©"Семь искусств"
  май 2022 года

Loading

Как откроешь этот их фейсбук, так непременно узнаешь много интересного, например, то, что русская культура после известного февральского дня куда-то провалилась, причём вся и целиком (то ли в яму, то ли в пропасть, Господь миловал, не запомнила). Чёрта с два, не дождутся, — никто не дождётся из тех, кто дожидается. (Ну типа войну не остановила и тут же, значит, вся провалилась.) — Да где же вы видели, ёлки зелёные, чтобы культуры останавливали войны.

Ольга Балла-Гертман

ДИКОРОСЛЬ

(продолжение. Начало в № 11/2017 и сл.)

К техникам души: О соблазне небытия

Да, самое главное: установить жёсткий лимит на чтение новостей об актуальных политических событиях и рефлексий о них. Скажем: пятнадцать минут в день, ну, полчаса. Читать и знать (делая внутри себя непременную поправку на неминуемую неполноту такого знания) — обязательно, но за пределы этой временнóй территории — ни ногой. Для размышлений и воображения — более чем достаточно, даже в избытке; о превышении этого объёма стоит помнить, что оно реально разрушает психику, а с нею и соматику, которая, если будет разрушена (она вот уже готова — и с радостью сдала бы позиции), у нас ничего не останется. Не на что будет опираться, нечему будет быть. (Не поддаваться соблазну небытия.) Наших дел за нас никто не переделает и наших жизней за нас никто не проживёт.

И снова к техникам души: откупори шампанского бутылку

Коль мысли чёрные к тебе придут, возьми да напиши какой-нибудь законченный текст. Объём тут не имеет значения, — важно, чтобы он чувствовал себя законченным и достаточно крепко стоящим на собственных лапах. Это важно (даже не для выполнения одного из бесчисленных обязательств по одному из бесчисленных текстов, хотя и то хорошо, но прежде всего) для чувства власти над веществом жизни и его тенденциями к хаотизации.

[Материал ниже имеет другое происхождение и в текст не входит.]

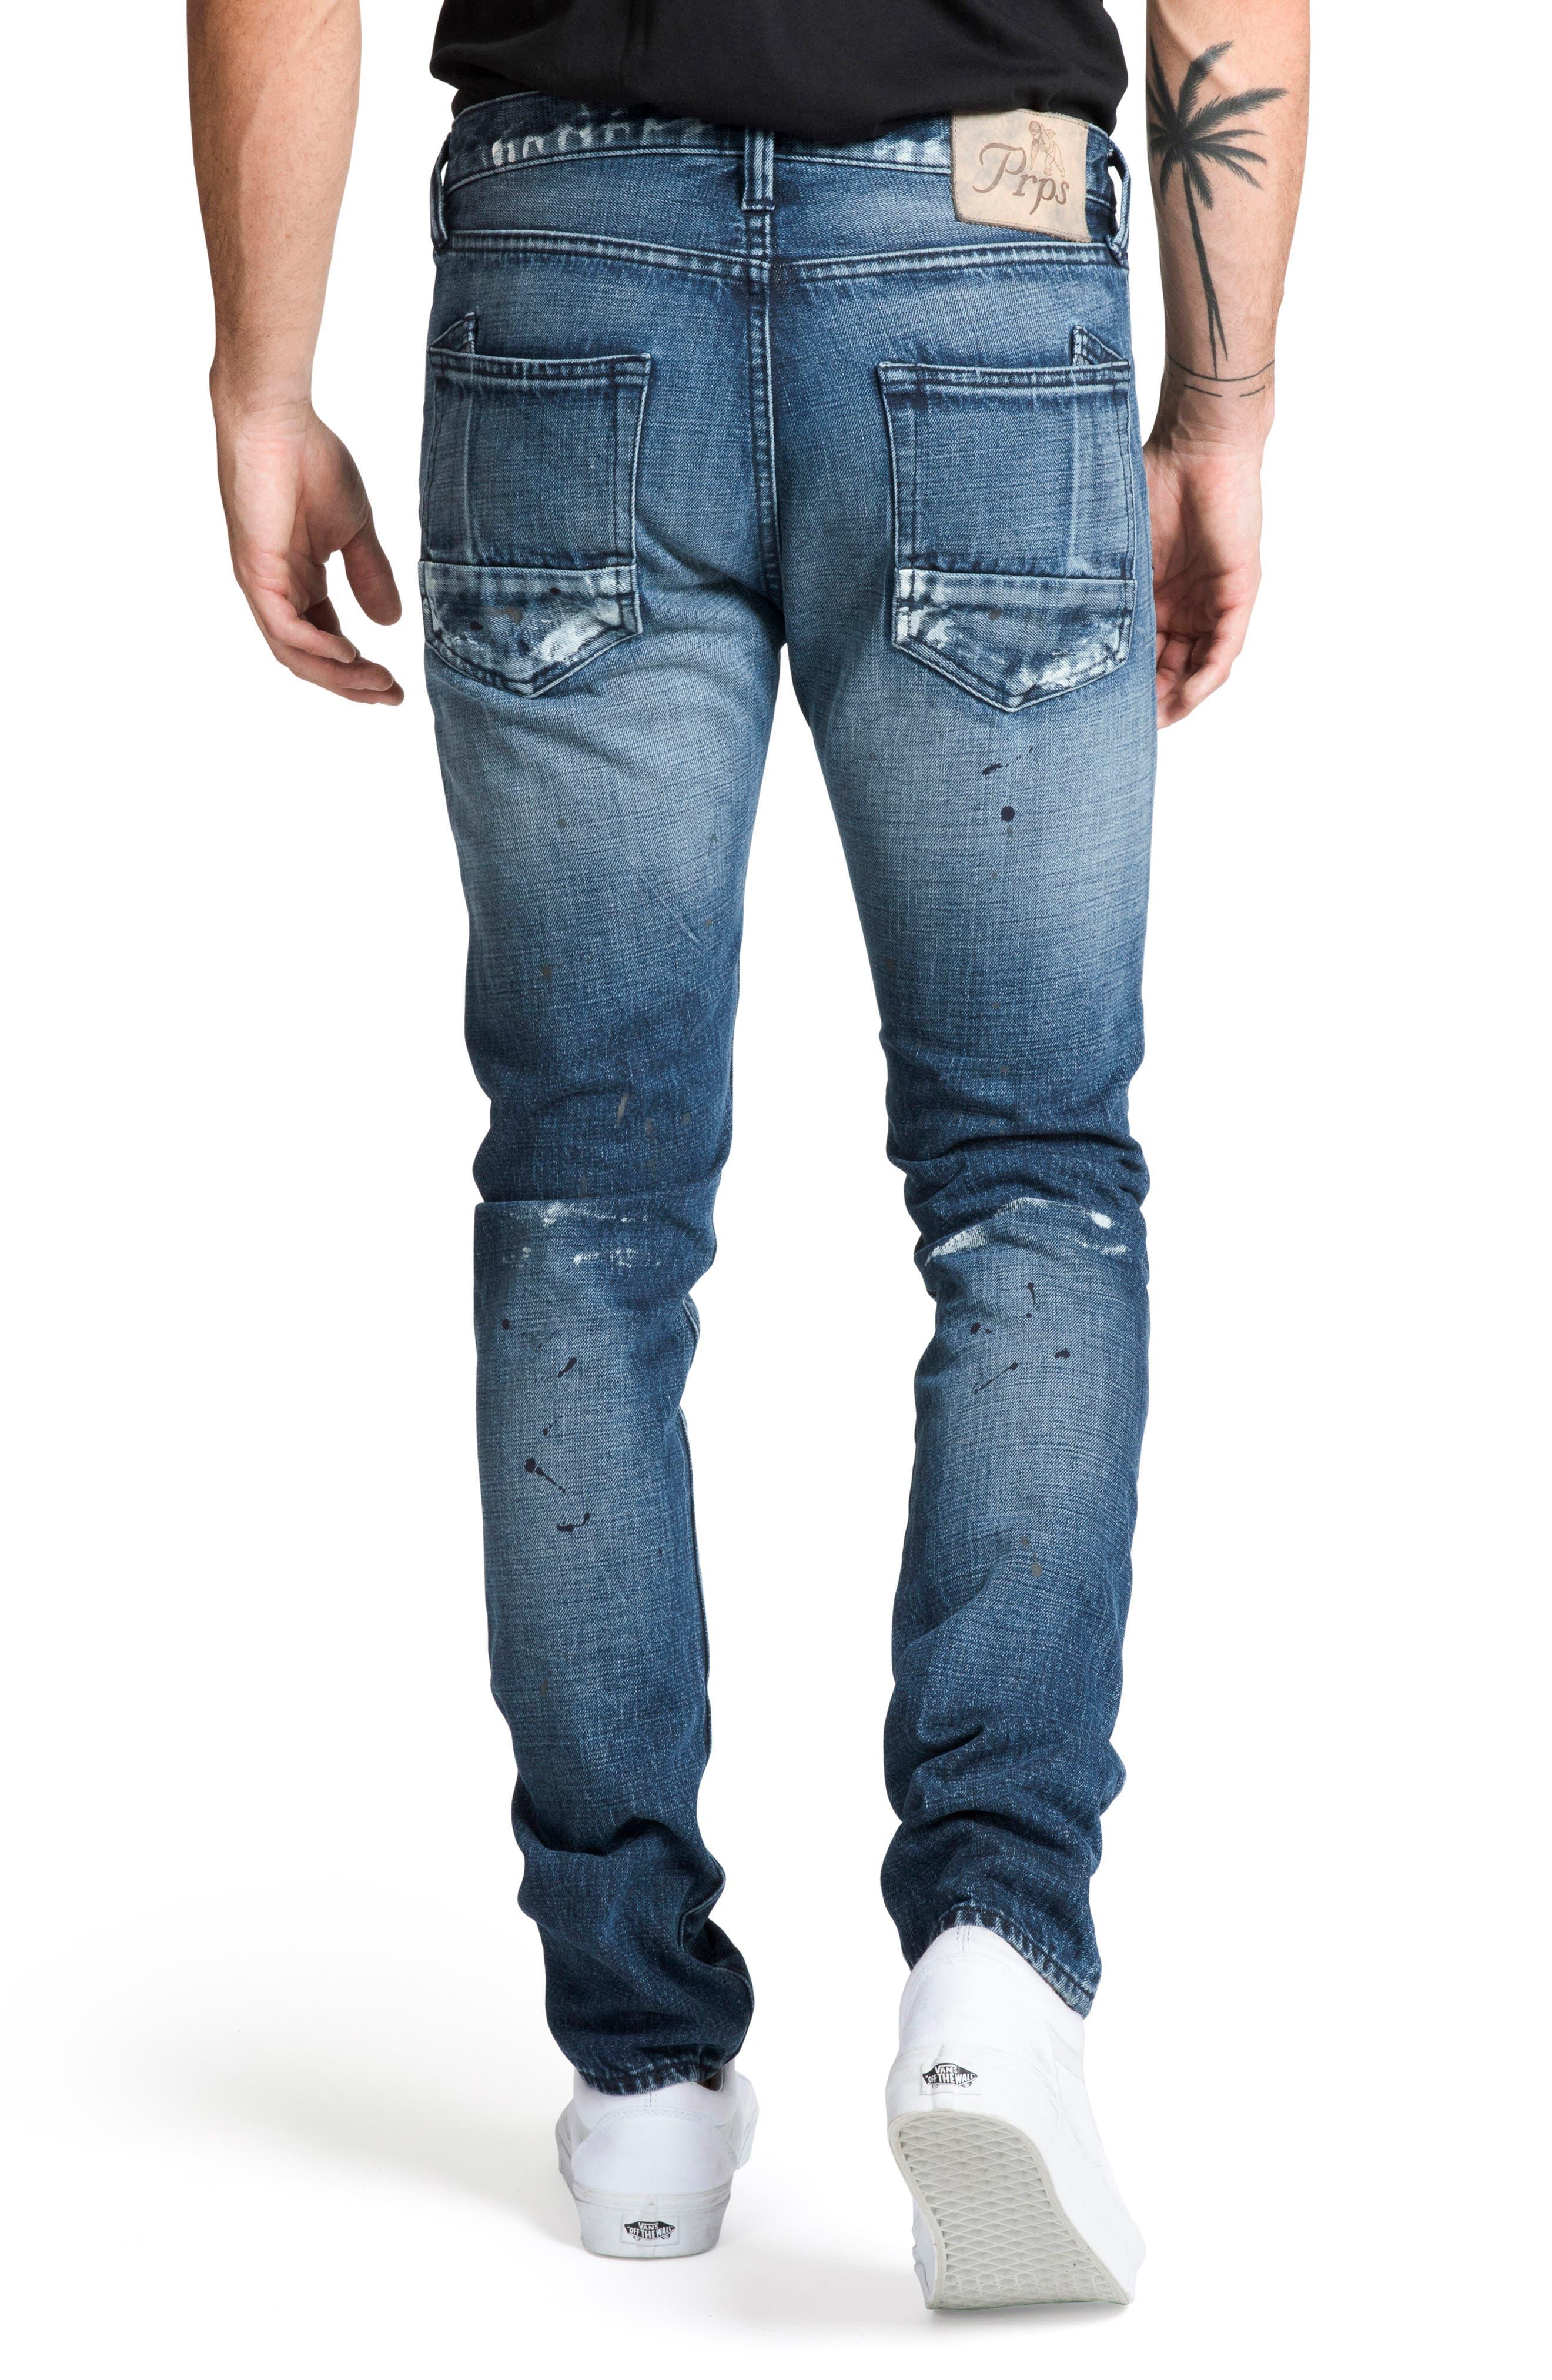 Le Sabre Slim Fit Jeans,                             Alternate thumbnail 2, color,                             PERPETUAL

Если же и это, паче чаяния, не поможет, пойди да пожарь, например, рыбки. Например, с картошкой. Действует с большой степенью безотказности — давая чувство, по существу, того же самого. Малая демиургия.

О просвещённом незнании

Да, мне как-то не видятся (утешающие) перспективы (с другой стороны, назначение реальности явно не в том, чтобы утешать человека, то есть подыгрывать его ожиданиям, потребностям и иллюзиям). С ещё более другой стороны, мы, частные люди, не обладая ни полнотою знания, ни даже приближением к ней, — и не можем ничего такого видеть в принципе. Не стоит хотеть / ожидать / требовать от себя невозможного (хотя, с совсем третьей стороны, стремление к нему тоже входит в фундаментальное определение человека, никуда не денешься), а в уме стоит держать разве что единственное: всегда возможно то, чего мы, с нашими понимательными ресурсами, даже не представляем.

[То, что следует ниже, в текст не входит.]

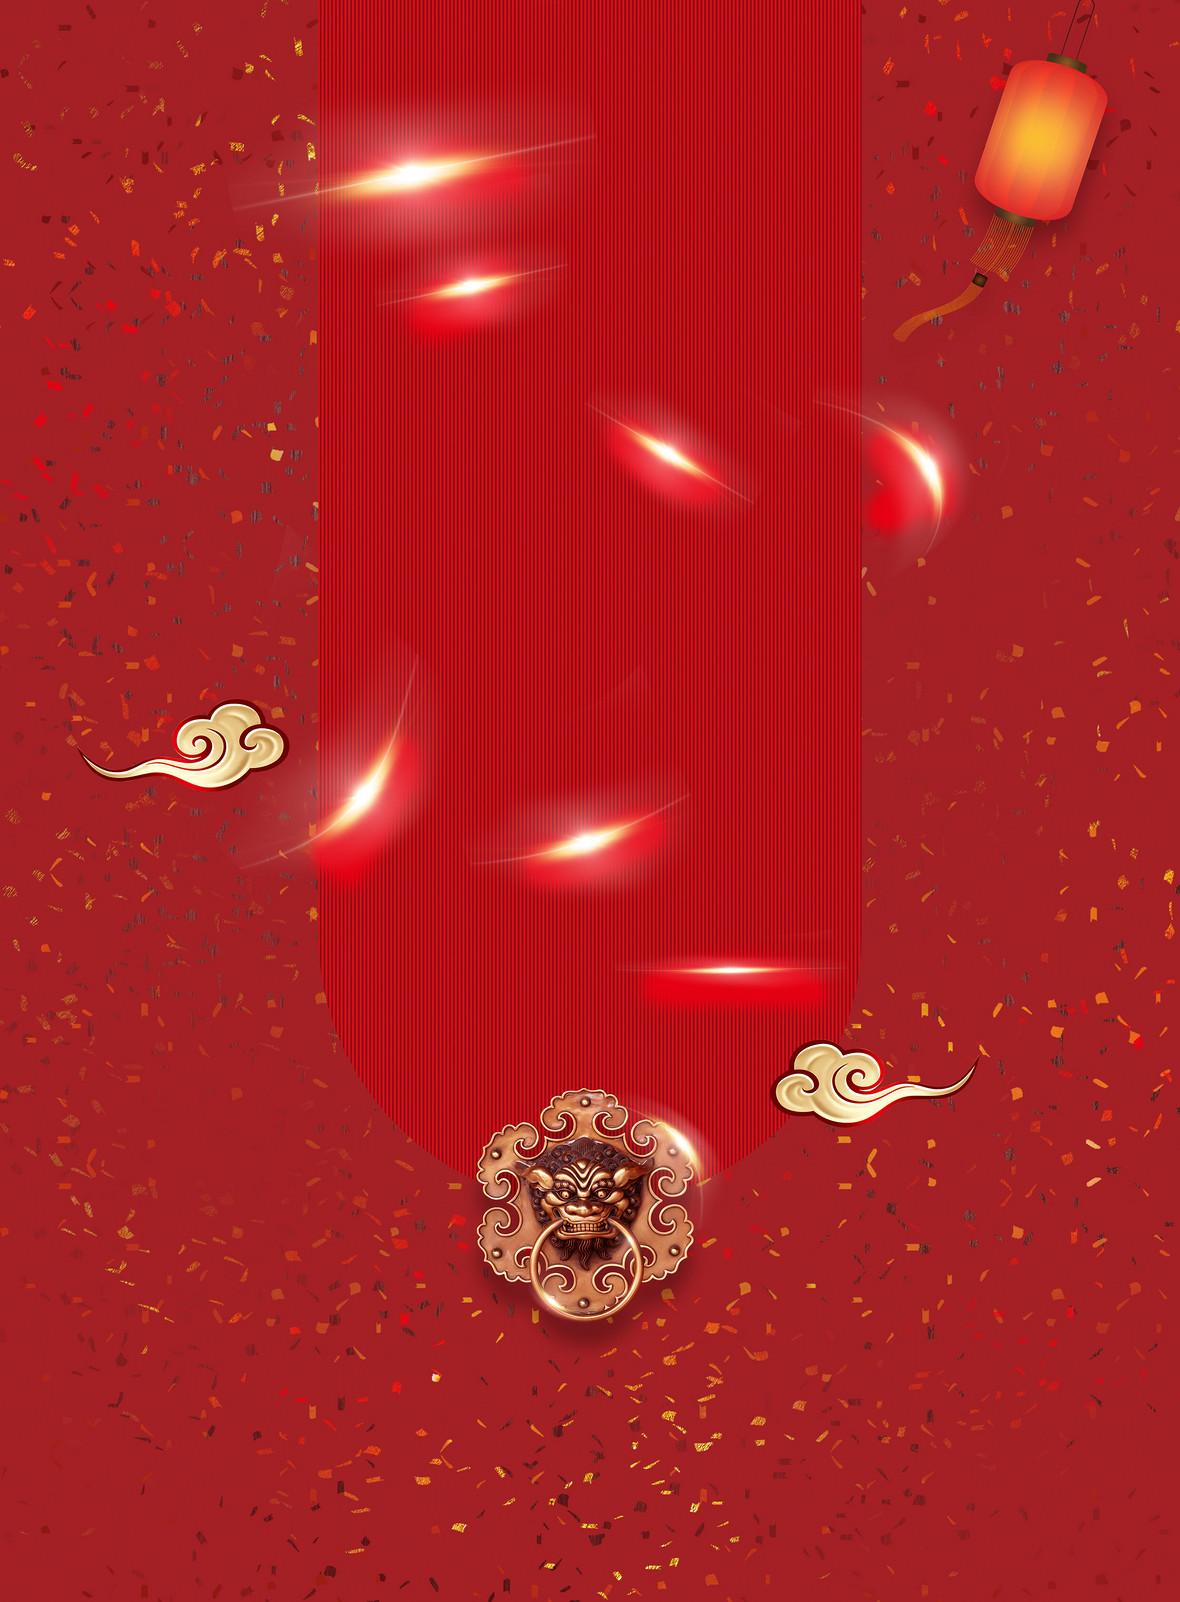 红色喜庆开门红活动背景素材

И неизменное: делай, что должно, — и далее по тексту.

К себе самой

…в общем, практикуй различные формы свободы, шлифуй их и оттачивай. В ситуации проблематичности прежних её форм, того, что мы за таковые принимали, — это самое актуальное.

Post aetatem nostram

Как не сбылись наши эйфорические ожидания времён Перестройки, так имеют известный шанс не сбыться и нынешние наши страхи разной степени апокалиптичности, — впрочем, предположения худшего всегда казались мне и более честными, и более близкими к реальности, о которой хорошо известно, что она с нами не считается.

О нерастворимом

Вот теперь, когда рушатся друг за другом разные очевидности, привычки, защиты, иллюзии, ты получаешь редкостную, драгоценную возможность выяснить, где в тебе кончается то (неминуемо наносное), что диктуется обстоятельствами, — и начинается твоё нерастворимое, настоящее «я».

И есть ли оно вообще.

О невозможности опыта

Мы не умели жить в ситуации больших, серьёзных катастроф? — Теперь научимся.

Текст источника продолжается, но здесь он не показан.